L’Ange Trône H’aHOu YaH

Né(e) entre le 18 et le 22 juillet

L’Ange Trône H’aHOu YaH

Est votre ange gardien.

Ce talisman fabriqué sous l’influence de ce H’aHOu YaH nous protège des Animaux et des Malfaiteurs. (Il a été réalisé par mes soin. )

Le souffle de H’aHOu YaH nous  protège si nous sommes en phase avec nos engagements et nos convictions. Il lutte et neutralise les forces occultes, surtout si aucune faute n’a été commise. . Il nous protège contre les animaux nuisibles, et il nous préserve des voleurs et des assassins. Ceux qui sont nés sous son influence aiment la vérité, les sciences exactes. Ils sont sincères dans leurs paroles et leurs actions.

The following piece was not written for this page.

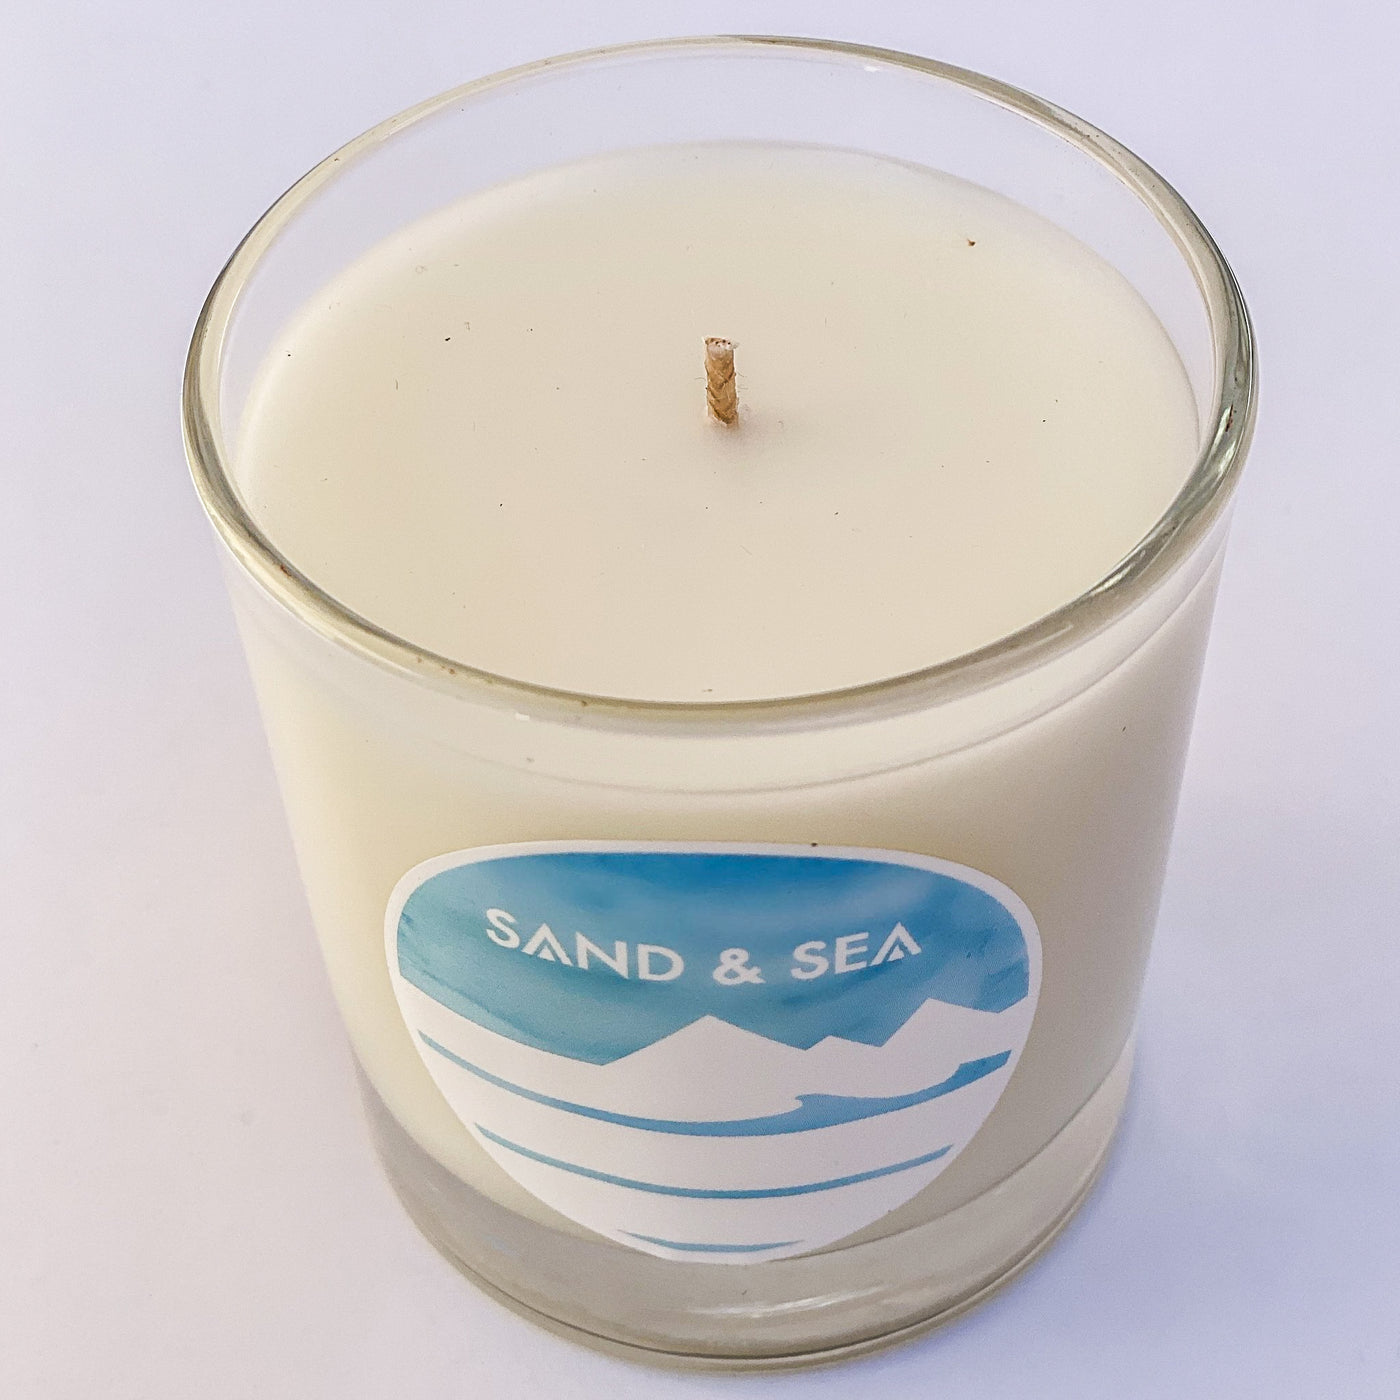 Sand & Sea Candle
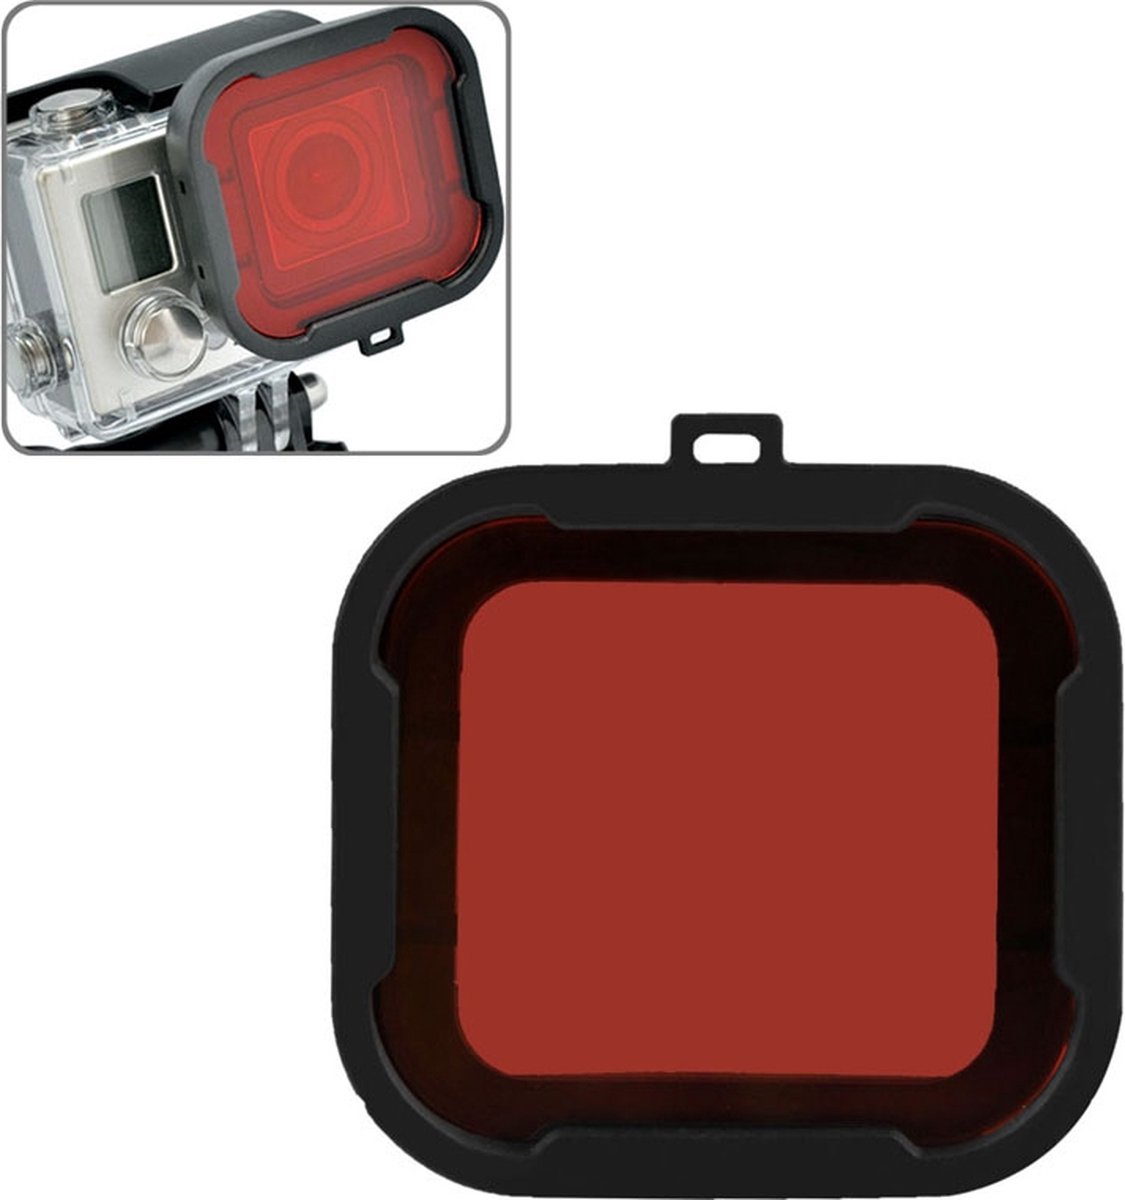 Rood duik filter voor GoPro Hero 4 / 3+ (rood) | bol.com

Dans notre ombre, le génie contraire domine tous les êtres nuisibles il nous porte à commettre des crimes et nous influence à vivre par des moyens illicites.

Analyse de L’ Ange trône H’aHOu YaH

Les Trônes sont l’incarnation vivante de la Sephirah Binah (intelligence). Or Binah , nous l’avons vu se manifeste sur le plan matériel sous l’apparence de Saturne. Aussi, la tradition kabbalistique attribue aux Trônes H’aHOu YaH au même titre cas tous les autres Trônes une tonique majeure saturnienne.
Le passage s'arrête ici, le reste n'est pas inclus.